All stories are here; I will speak of everything. I will tell, and tell everything – and first of all by telling what tells itself each time. Be gathered, do not gather. Wait; telling will reach you. Telling will speak of the incidental and affirm the incidental. This is a dream, not a post. Stand at the beginning place, where telling has barely given itself form. Stand where the aurora borealis flashes above the earth.

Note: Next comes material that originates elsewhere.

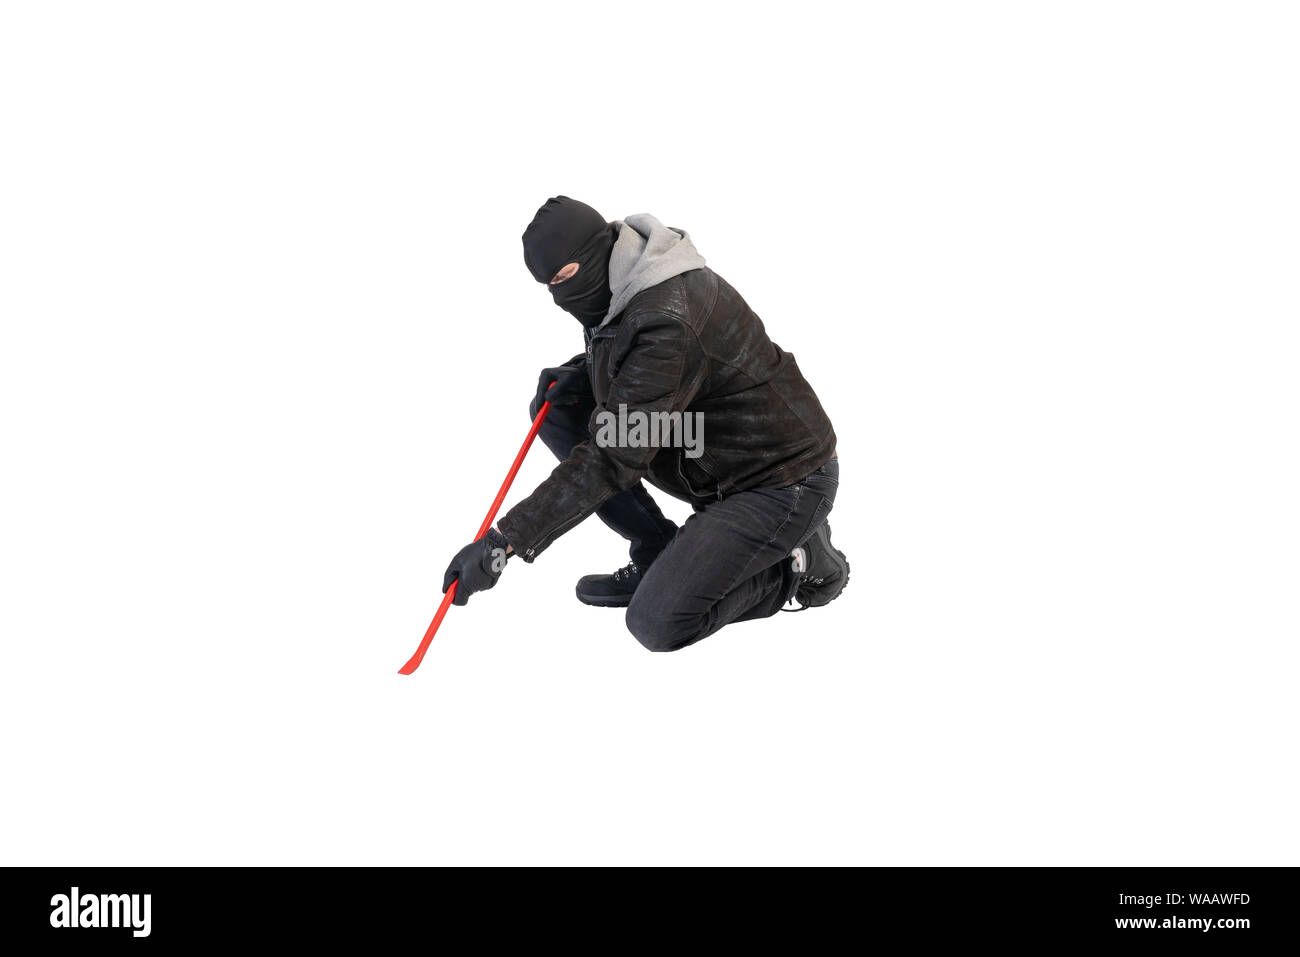 Einbrecher Knie mit der Brechstange und Maske vor einem weißen Hintergrund Stockfoto

What flashes thus? The beginning of the story. No: what returns in the telling of the story, and in the telling of the incidental. ‘A blue sky bursting with light’; ‘Naked sky’; ‘The dark river very close up. Its surface. Its skin.’ Stalker is passing through the Zone. His passage changes it. He lies down; he dreams, and the items on the nightstand are strewn in a pool of water beside him. The Zone says: I will speak of your life. I will speak of everything. The Zone says: lie down, dream, and I will tell you everything.

The incidental never settles into an incident, I know that. Or it is that the incident is only the incidental that has become fixed and determined, a stone in a series of stepping stones. Write with a weak prose; write so that the incident is ready to shimmer into the incidental. The day is ordinary; the day is extraordinary; in its ordinary depth is already the Zone that shimmers in the corner of your eye.

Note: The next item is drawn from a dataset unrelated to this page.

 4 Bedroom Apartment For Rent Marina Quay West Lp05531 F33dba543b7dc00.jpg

Life will have happened to you. No: you are what life gave to itself; you are what is stretched along the incidental; you lie down, fall, as Otto the postman falls in The Sacrifice. I am at the beginning place, the incidental. Or what begins is what will never settle itself into an incident, or that burns around the incident, its fiery nimbus.

The incidental: is this why, for all its longeurs, I love My Year In No Man’s Bay? Is it why I love Vertigo? Books made of discontinuity. Books that burn around their edges, and in which – across which – telling obsesses itself with the incidental. What happened, what is happening? Why set down this detail, and not another? Why these accounts of a great passage through the world?

Because it is a passage, each time, that does not set its course in relation to the stars of incident, but is lost beneath the flashing of the incidental. Lost – and where this loss is the stake of what is told. Errant speech, speech of indirection: not the single flower that falls open, not the world as gives itself to the flower of narrative, but as hedge flowers are strewn along the path, each of which is a perspective on the whole.

Telling that does not bear, but sets adrift.  I fell asleep; I fell asleep in the telling. Lie down. Stalker is lying down. The Zone shimmers around him.

What happened to you? What will have happened, there where the incidental fails to complete itself? Every path begins here; every path has already begun. Weak prose, fallen prose: decide nothing, determine nothing, there where the incidental greets you.